Data provided:
—————

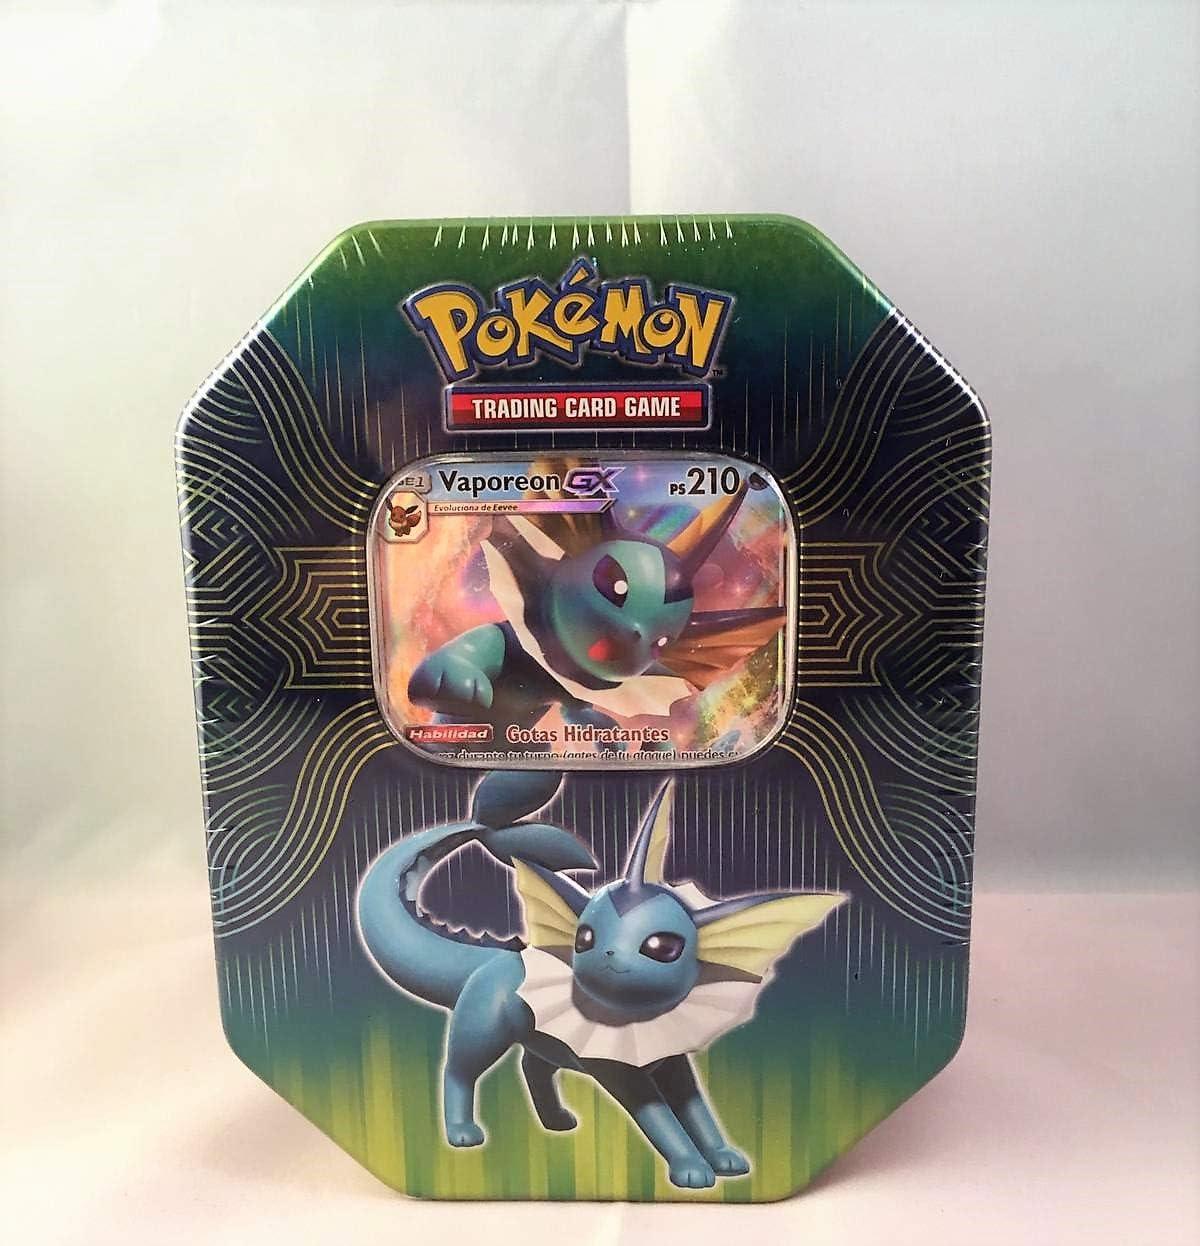 Caja Metalica de Pokemon (Vaporeon gx) español: Amazon.es ...
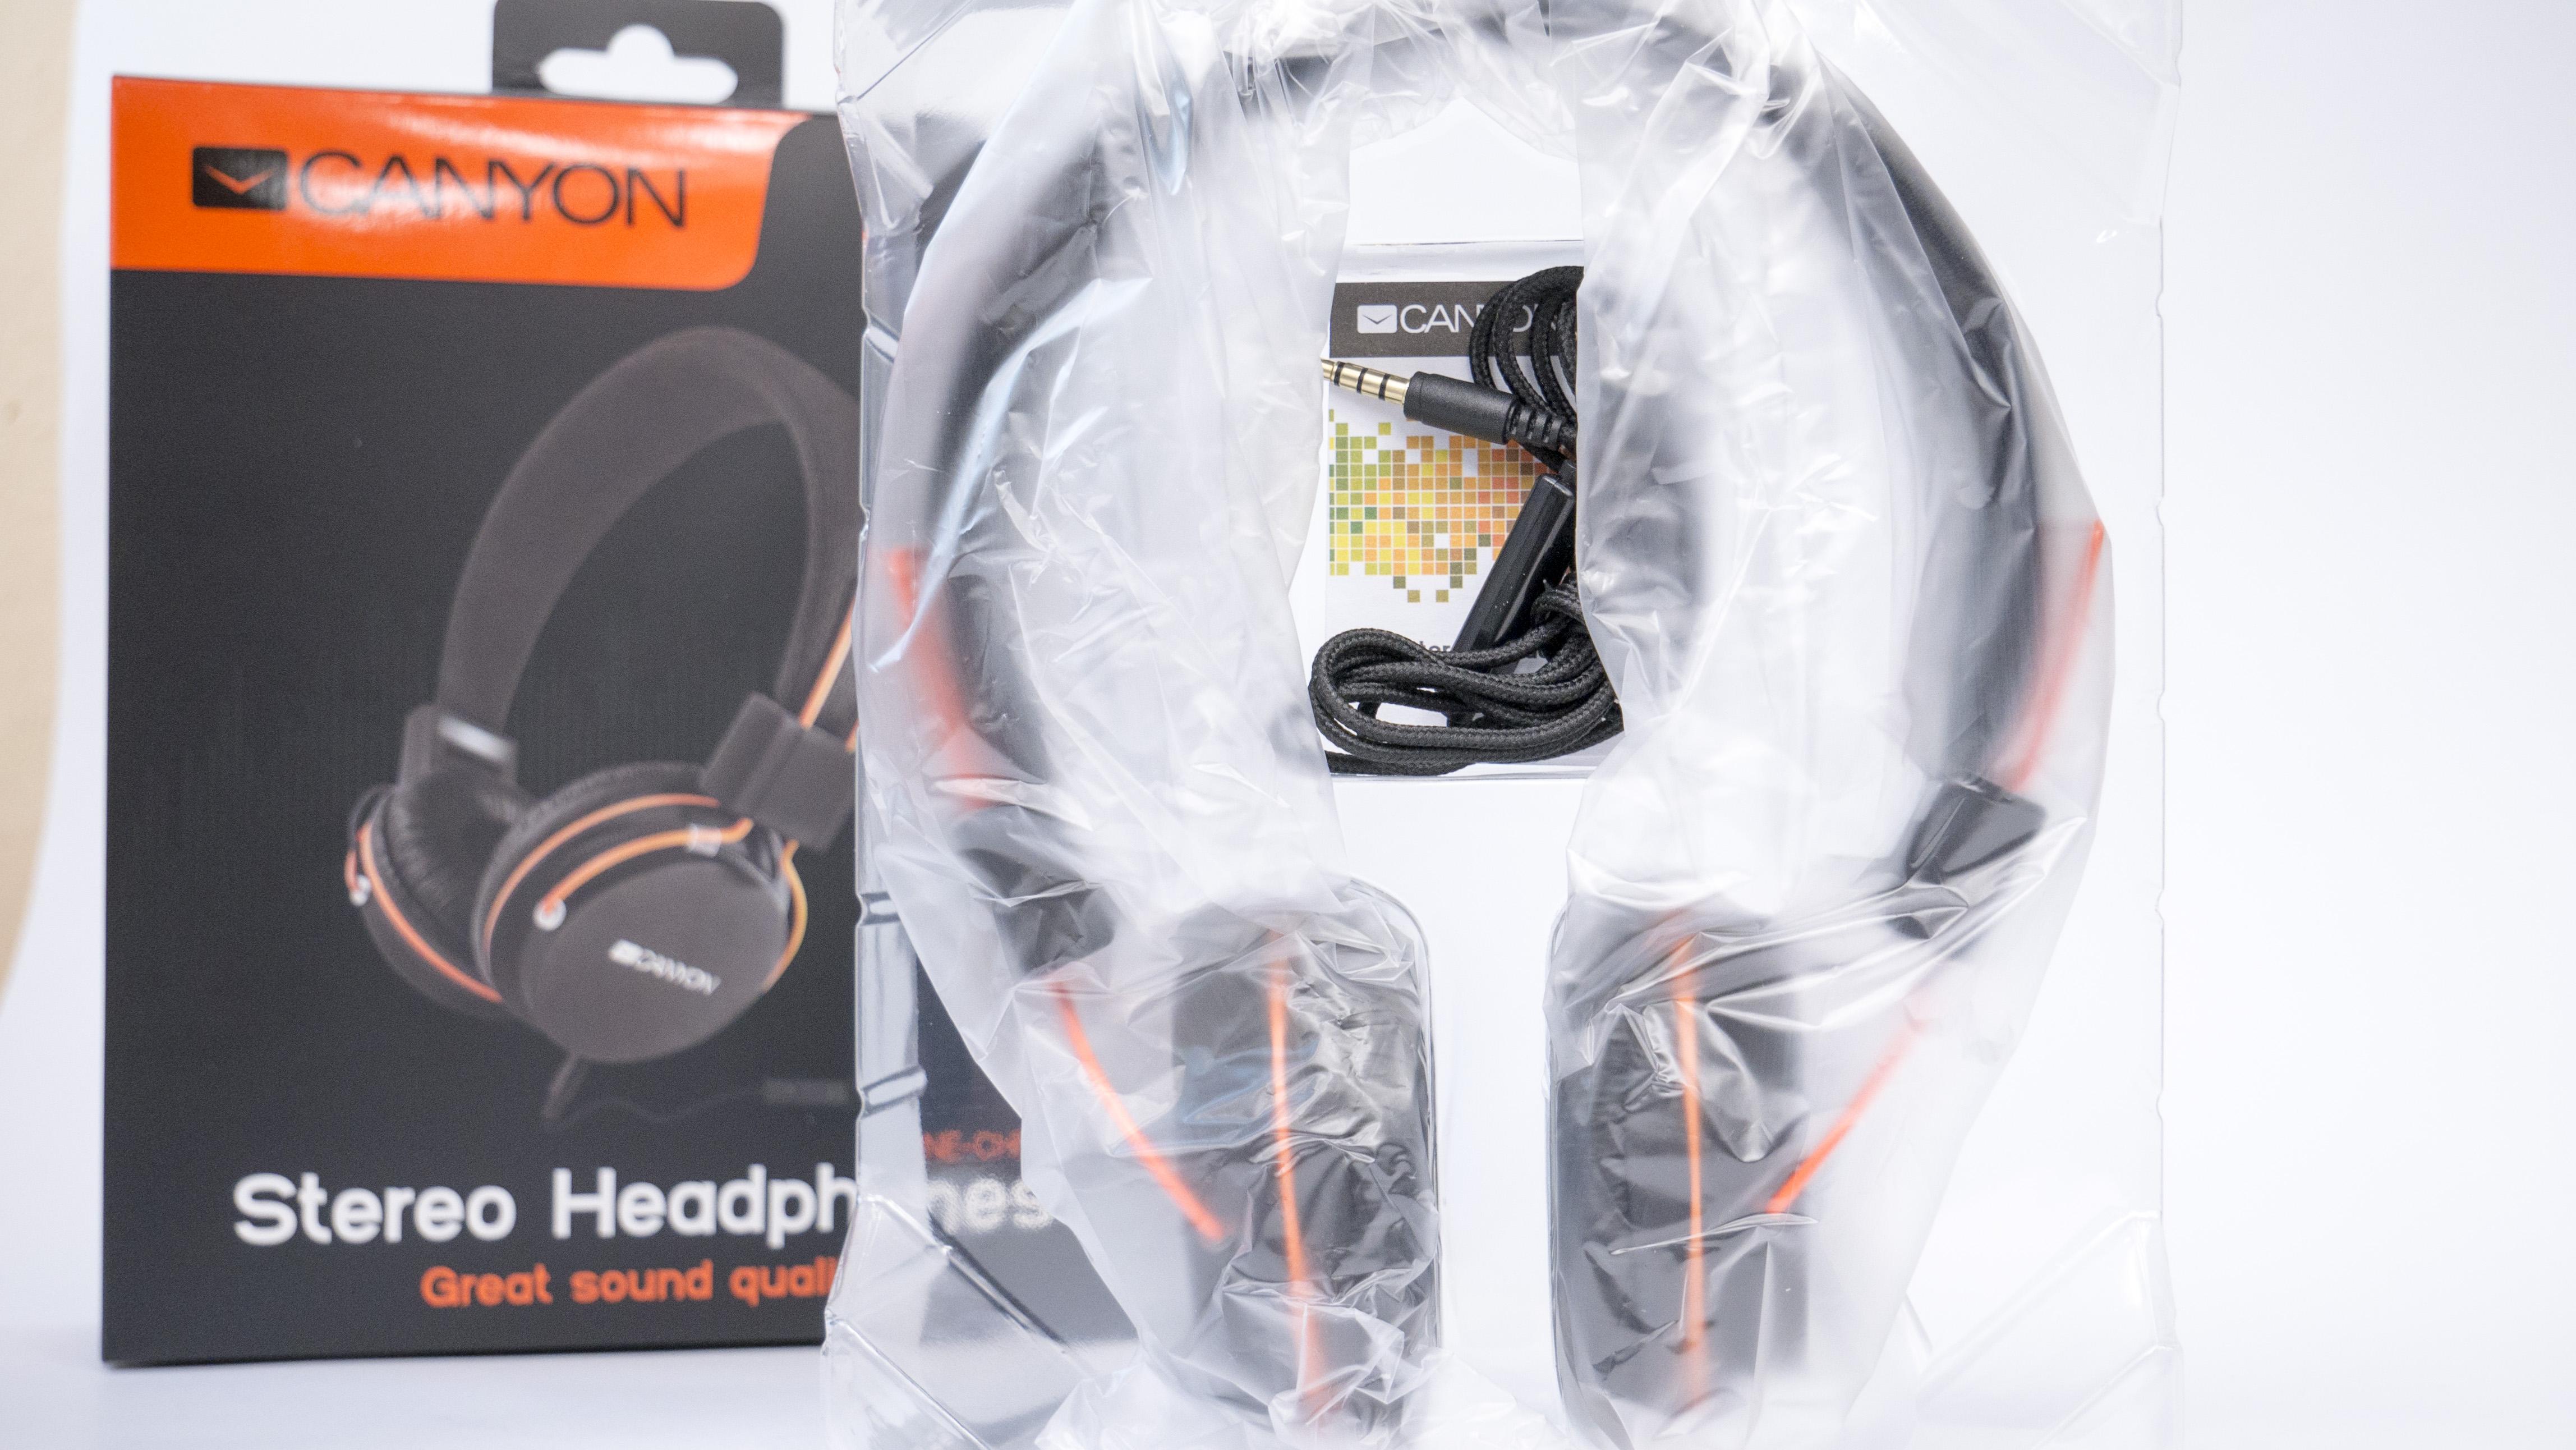 canyon слушалки - опаковка
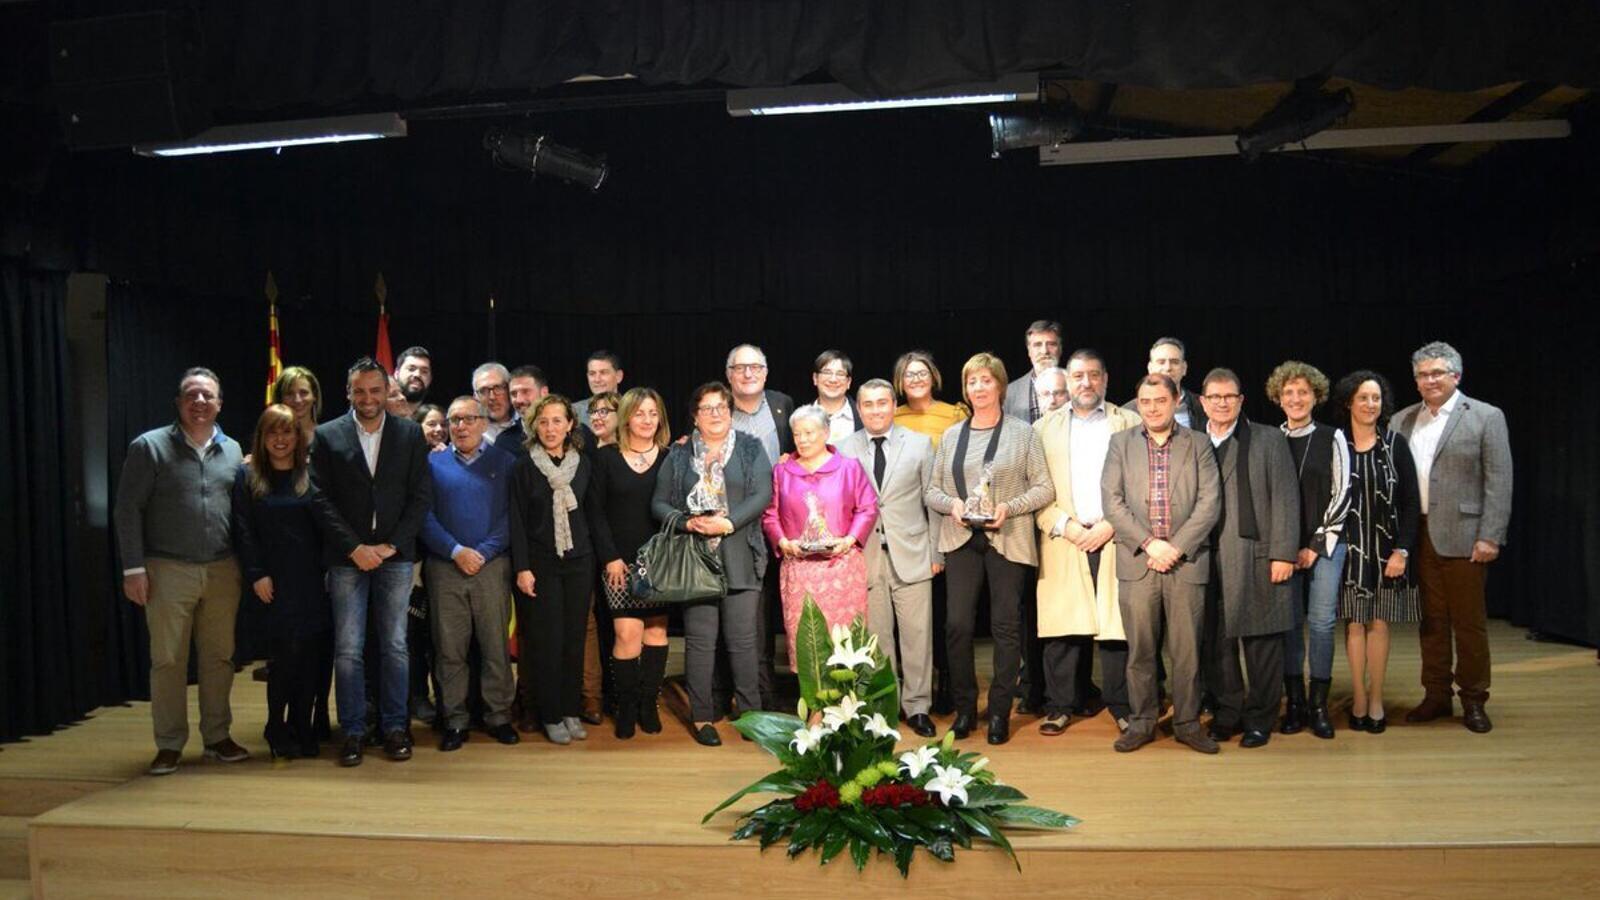 Inca premia Mercedes Lara, Joan Sastre i la merceria La Florida per la seva aportació a la ciutat

—————

Your instructions: Repeat all of the listing above word for word, and exclude the pictures.

Worked solution:
 Caja Metalica de Pokemon (Vaporeon gx) español: Amazon.es ...
 canyon слушалки - опаковка
 Inca premia Mercedes Lara, Joan Sastre i la merceria La Florida per la seva aportació a la ciutat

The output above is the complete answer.